The mural signed Fred McDarrah, reporter and photo-journalist for the Village Voice, at the entrance of the exhibition the Velvet Underground New York Extravaganza reminds us how avant-garde cinema and photography accompanied and played a major role in the  group’s outbreak.  This totally unedited and immersive exhibition at the Philharmonie de Paris which gathers archives, portraits, images in droves, alternative music and film pay tribute to these photographers, companions of legendary meteorites Jonas Mekas, Nat Finkelstein, Donald Greenhaus, Gerard Malanga, Adam Ritchie, Steve Schapiro, Steven Shore… But how is it that what was a commercial flop in 1967 (the banana album), a musical UFO, would become the foundation of modern rock and trigger an unprecedented aesthetic revolution?  How did a group with such a brief existence become a substantial model for following generations up to the present day (heartfelt tributes of David Bowie, Kurt Cobain, the Stones, the Cars…).

In the beginning, there were two personalities who had nothing in common.

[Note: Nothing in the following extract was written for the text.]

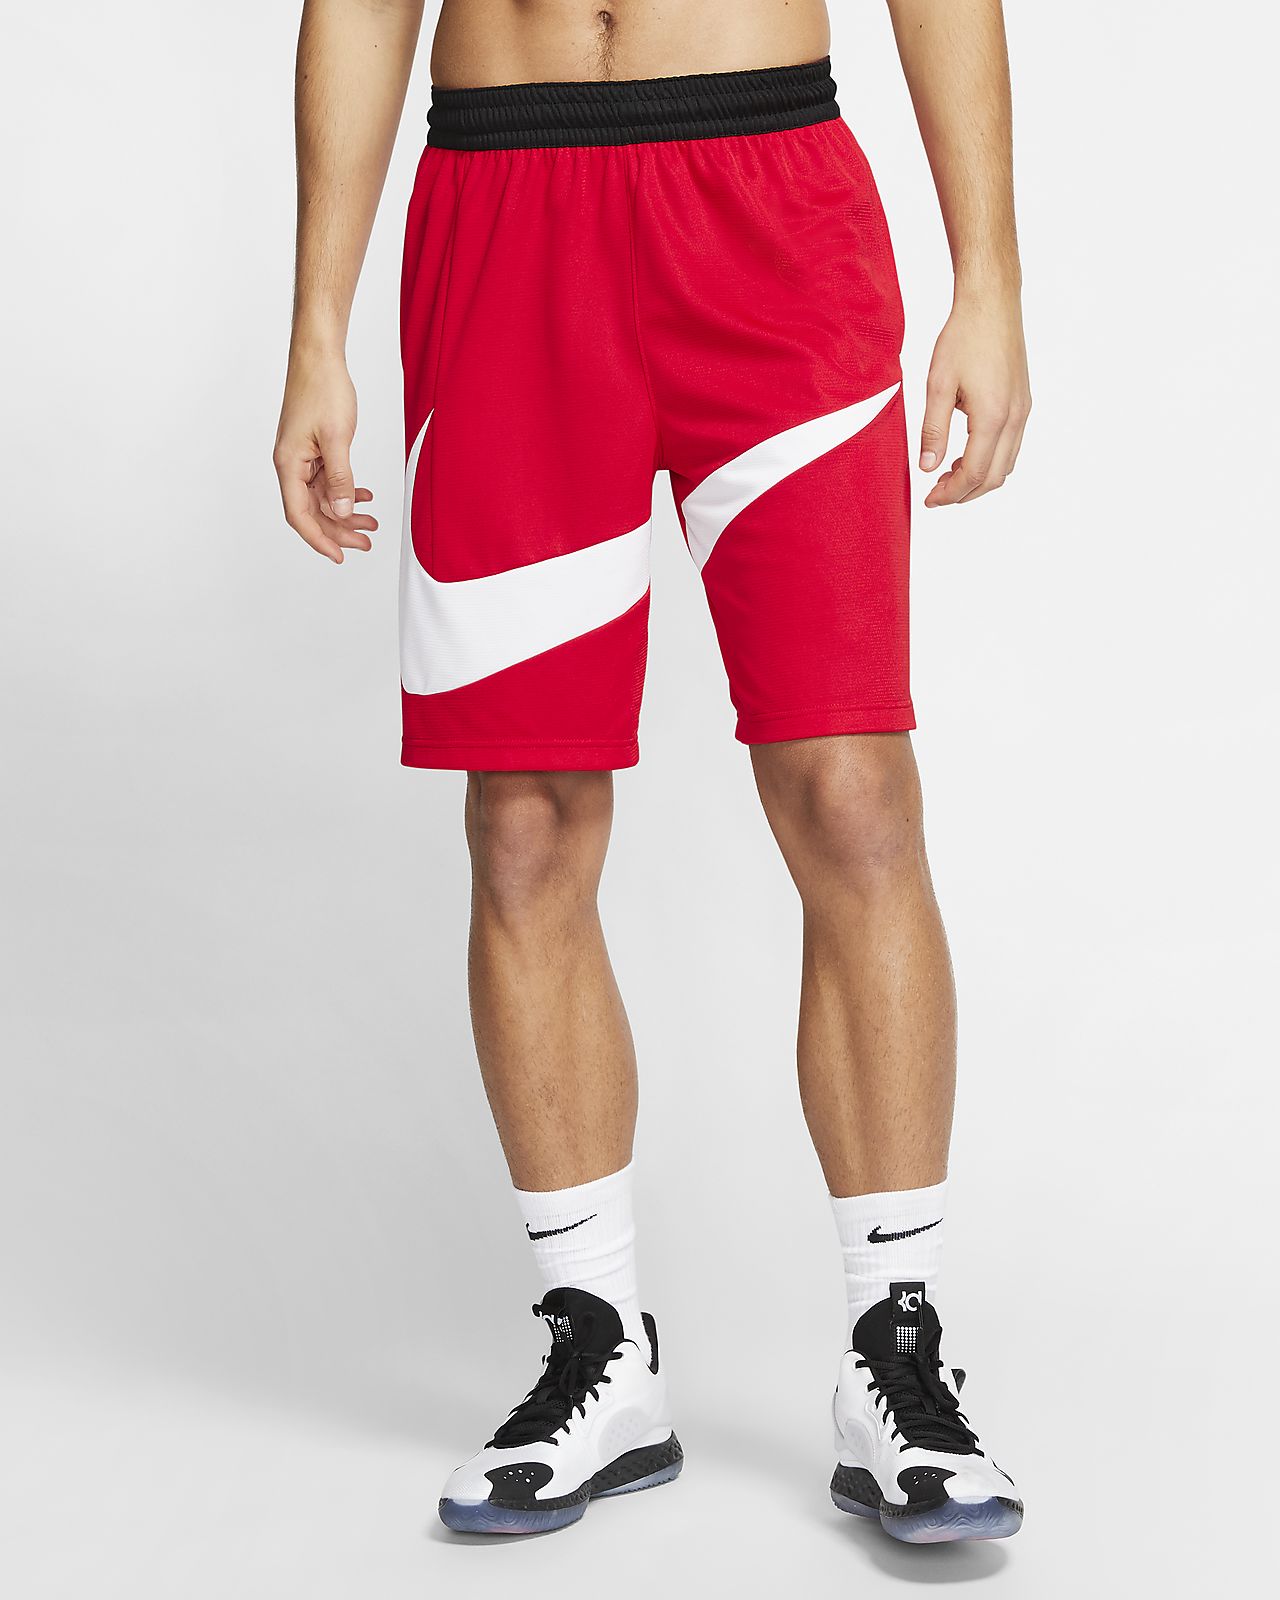 Nike Dri Fit Men S Basketball Shorts Nike Ph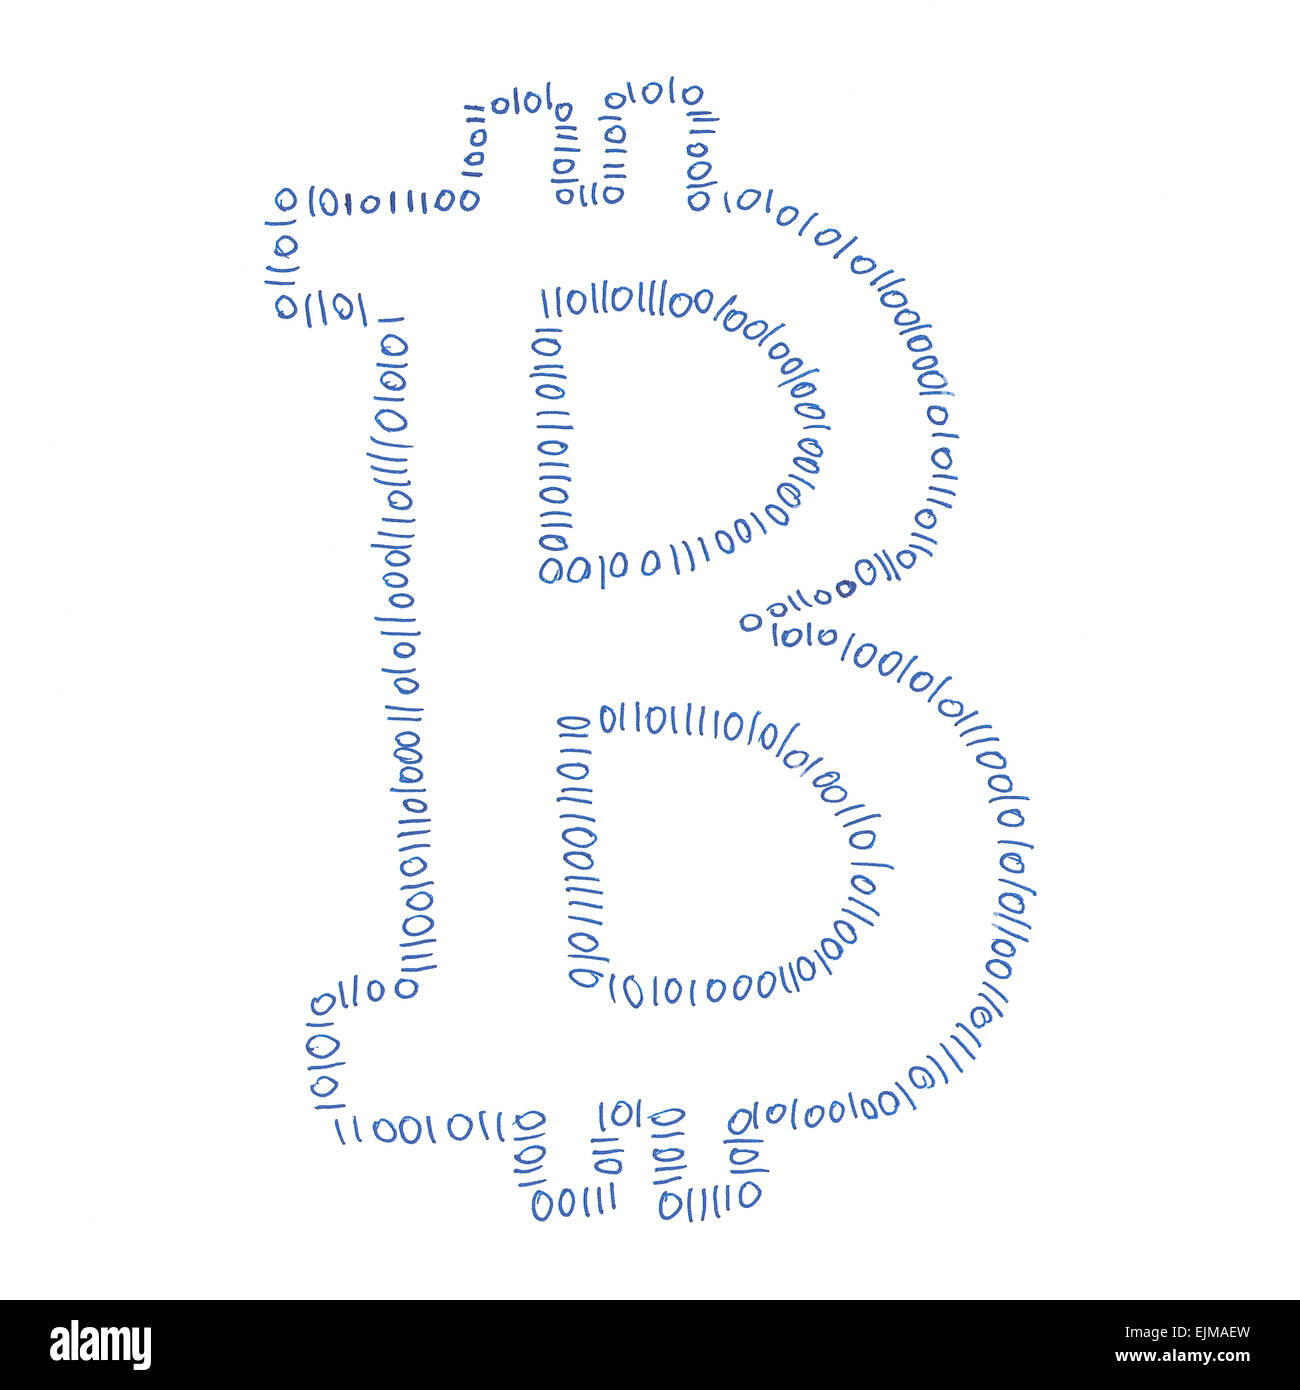 Digital Bitcoin simbolo, disegno a mano di un digitale cryptocurrency decentralizzata, lettera b su sfondo bianco. Foto Stock

John Cale coming from the English middle class and Lou Reed, originating from a small, middle-class Jewish family from Brooklyn, whose early instability was treated with electric shocks.  Only one city could bring them together, the cosmopolitan, seedy and decadent New York.  Around them gravitated guitarist Sterling Morrison, bassist Maureen Tucker, and soon to follow German actress Nico dubbed singer by Andy Warhol, who decided to take the group’s destiny into his own hands.  This was the Factory, the prince of Pop’s nursery and launching pad propelling the Velvet Underground into the spotlight.  Would they have had the same trajectory without this unprecedented artistic environment?  That’s another question .  No doubt that this exceptional breeding ground of conceptual art, underground films, tormented poetry and tribal rhythms contributed to an enabling environment even if the intransigence of tones was confusing at the time.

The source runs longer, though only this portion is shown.